Real and Apple live in Never Never Land where the Big Four record labels are kings, with the owners of the various corporate music sites and “services” — that is, Apple and Real — carrying “product” and dancing to their tunes.

Wide Boy

It’s like Farmer Jones growing the same type of cabbages loaded with growth hormones and genetically altered so they’re an identical shade of green, and then offering them in a brutal hard-sell to the same grocers.
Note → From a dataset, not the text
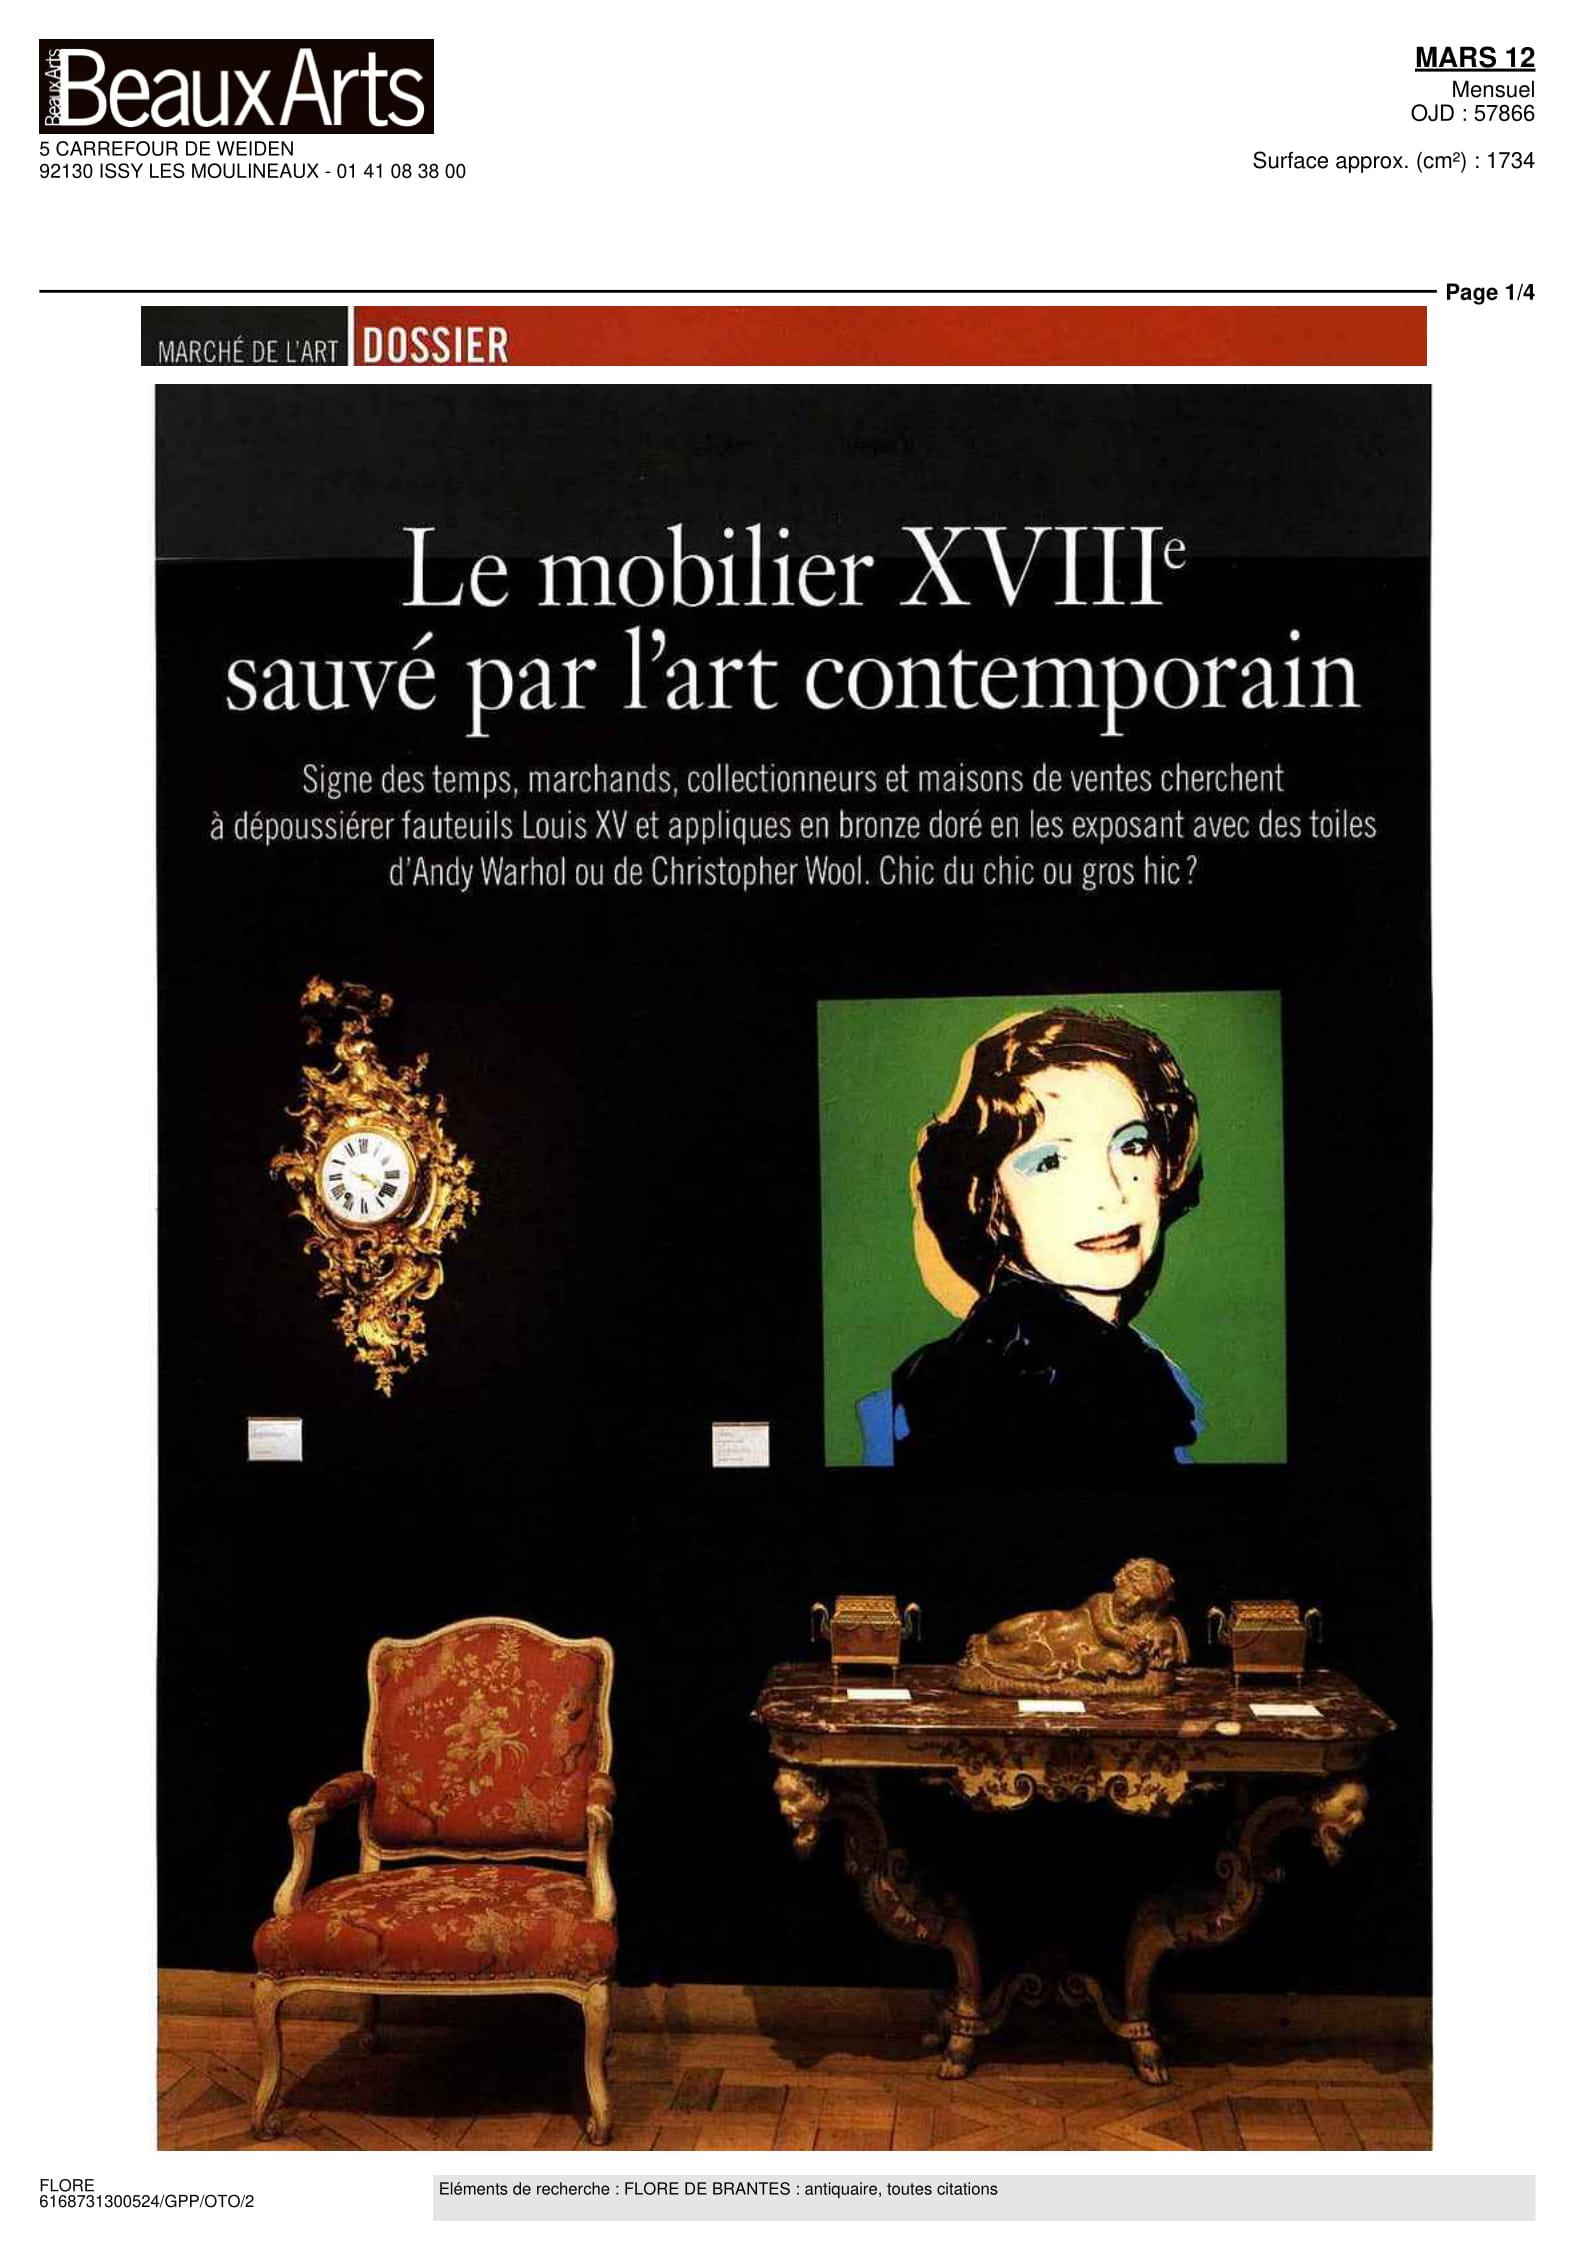 Beaux Arts Magazine — Feb. 2012

Because the cabbages have been artificially produced, they’re bland, wormy and tasteless, but the grocers — packed together in the same shopping mall — are nonetheless trying to sell them at grossly inflated prices to a very small group of people who don’t know any better, or who just don’t care.
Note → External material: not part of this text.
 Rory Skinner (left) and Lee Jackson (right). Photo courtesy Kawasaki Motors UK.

In the UK, Farmer Jones would be called a Wide Boy and you’d see him selling off the back of a truck, one eye open for the police.

And while they wait for the market to equalize and settle, millions of discerning shoppers who long ago figured out there’s no point in trying to deal reasonably with Jones — he’s congenitally programmed to rip them off — are helping themselves to a huge range of tasty, organically grown cabbages and other produce from an equally vast range of farmers.

In the meanwhile, Apple’s very own software can create unprotected song files that can be played on any computer without recompression, circumventing iTunes’ DRM protection.

“iMovie users can use the ‘Share’ feature of iMovie to export any imported [protected] song from the iTunes Music Store,” Germany’s Macnews.de says. “The exported songs can either be stored in the unprotected AAC file format (used by Apple at the iTMS) or in the raw WAV file format; both of these formats are supported by iTunes,” it says.


Jon Newton, a TechNewsWorld columnist, founded and runs p2pnet.net, a daily peer-to-peer and digital media news site focused on issues surrounding file-sharing, the entertainment industry and distributed computing. p2pnet is based in Canada where sharing music online is legal.


1 Comment

  • First of all, you do not need imovie to strip the DRM off any itunes music store song you purchased – all you have to do is burn it to a CD and then if you decide to bring it back into the ipod, you have 6 formats to choose from (3 loss-less). This process should take you about 5 minutes and with the price of blank CD-R’s (at least in the US without the opppressive tax in some countries), it’s practiaclly free and you have a hard backup – it that really so bad?
    SAme with loading EVERY REal song you have and any tracks you buy at any legal worldwide music service. If they sell you the right (not always the case), burn it to a CD and re-rip into the ipod – how locked is that? It’s locked only in the sense if you’re too lazy to unlock it …
    Or if you disagree with any form of legal downloading, just buy the damn CD and you circumvent all of that so called ‘locked’ – basically Apple has given you an EXTRA choice in bringing in music. If convenience is your over-riding factor, then the itunes music store is for you – is it perfect – no but what is perfect for EVERYBODY in the world. If one of the record labels made ALL digital music free tomorrow – someone would bitch it’s not in OGG format.
    You keep thinking the itunes music store and Apple AAC M4P is your ONLY choice – it’s not!!!!!!!!!
    You have literally dozens of choices – hell, you can use itunes the software with 800,000 previews, not own an ipod or even a Mac for FREE – what else do you want?
    You are limited by your own imagination or your own need to complain about a minor aspect of the situation – as for REal, here’s a company that has built a living on lcking away content – and providing a unlock on someone’s else car – WTF?
    How about a converter for REal/RAM/RM files to Mp3 to M4p? Where are you on that issue?
    You are thinking ANALOG – we live in a DIGITAL world – you must think THROUGH the situation as opposed to just reacting to your first "out-dated" mode of thinking.